There are some caveats to these functions that you should be aware of:
- If there are any duplicates in your source table, these will be eliminated in the results (by design).
- You need to take care if your data points look like A, AA, AAA. Note how the source table has defined this column as CHAR(3). This is also by design. The CHARINDEX statement would remove the n-Tuples (where n>1) of this particular set if you used VARCHAR(3) instead. So if you’re working with integers you want n-Tuples of, your best course of action is to left pad them with 0’s or right pad them with blanks.
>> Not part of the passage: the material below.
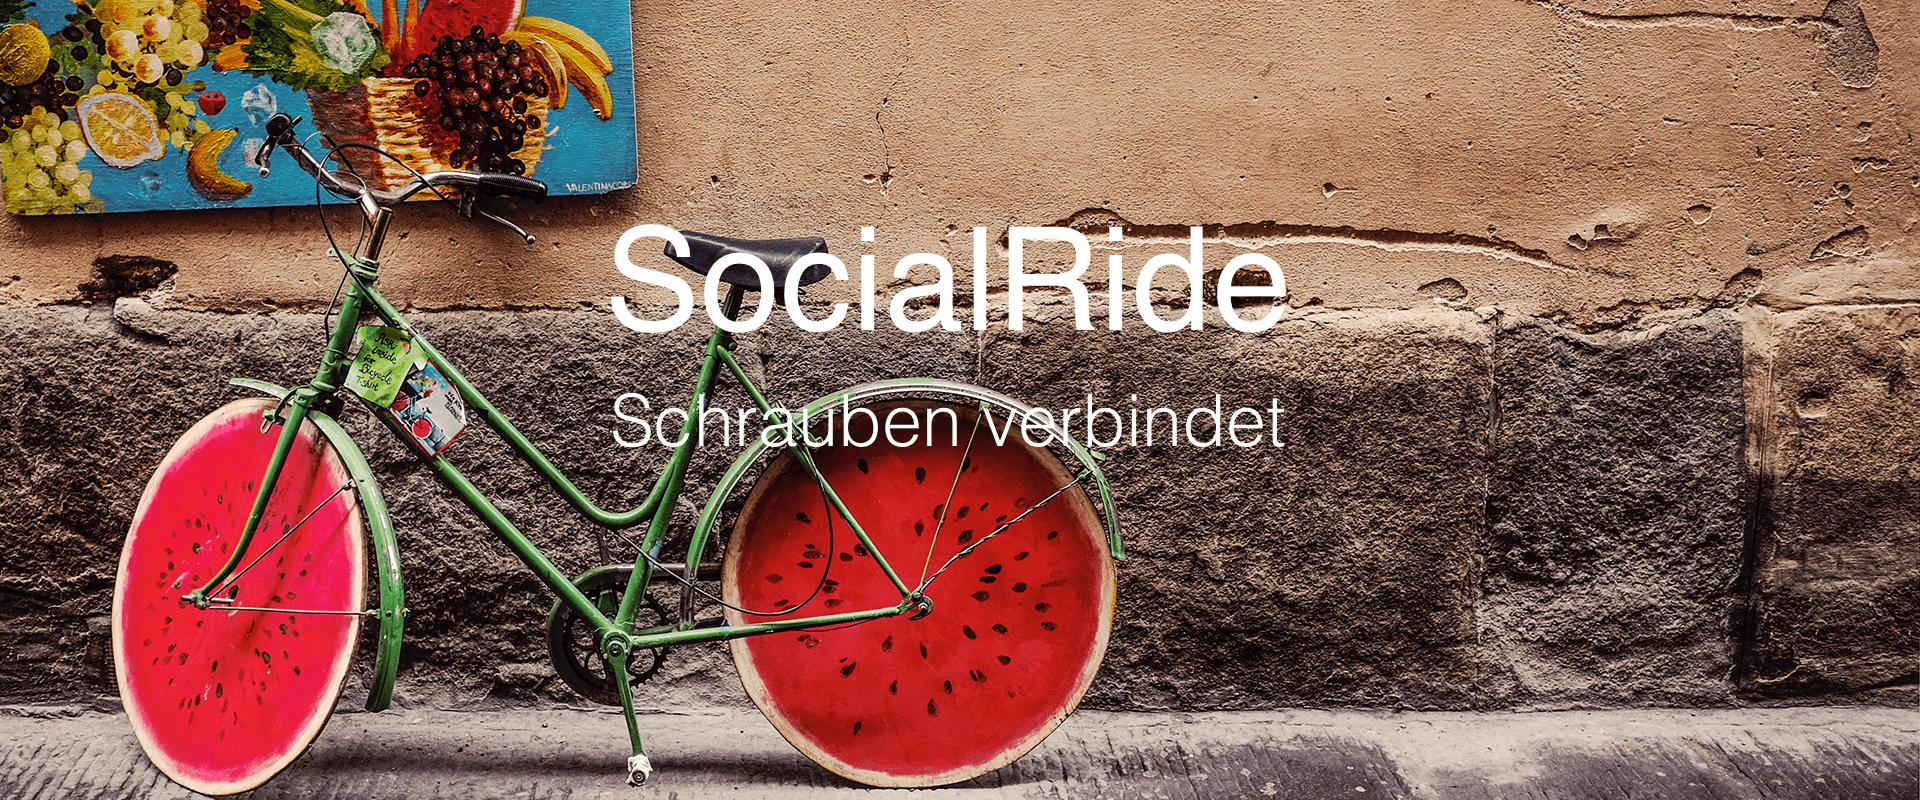 Social Ride, die soziale Fahrradwerkstatt
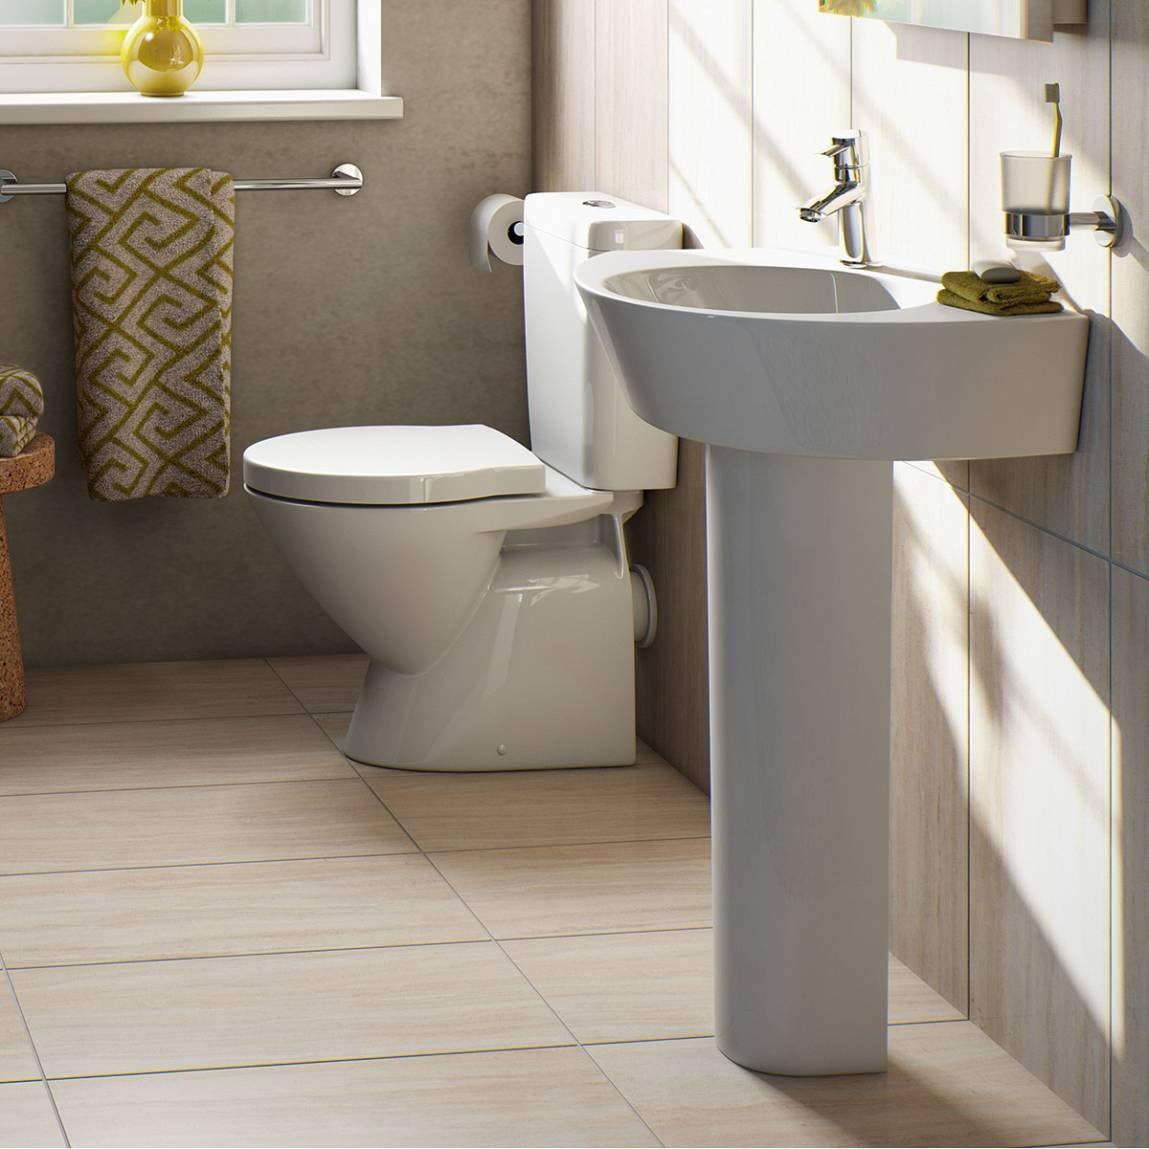 Ancona 4 Piece Bathroom Suite Victoria Plumb

We hope you enjoyed this quick excursion into the world of recursive CTEs and n-Tuples. We know we most certainly did. Perhaps even one day it will be as useful for you as it was for me.
Now if I can only figure out how these pesky recursive CTEs really work, then I could post something really interesting!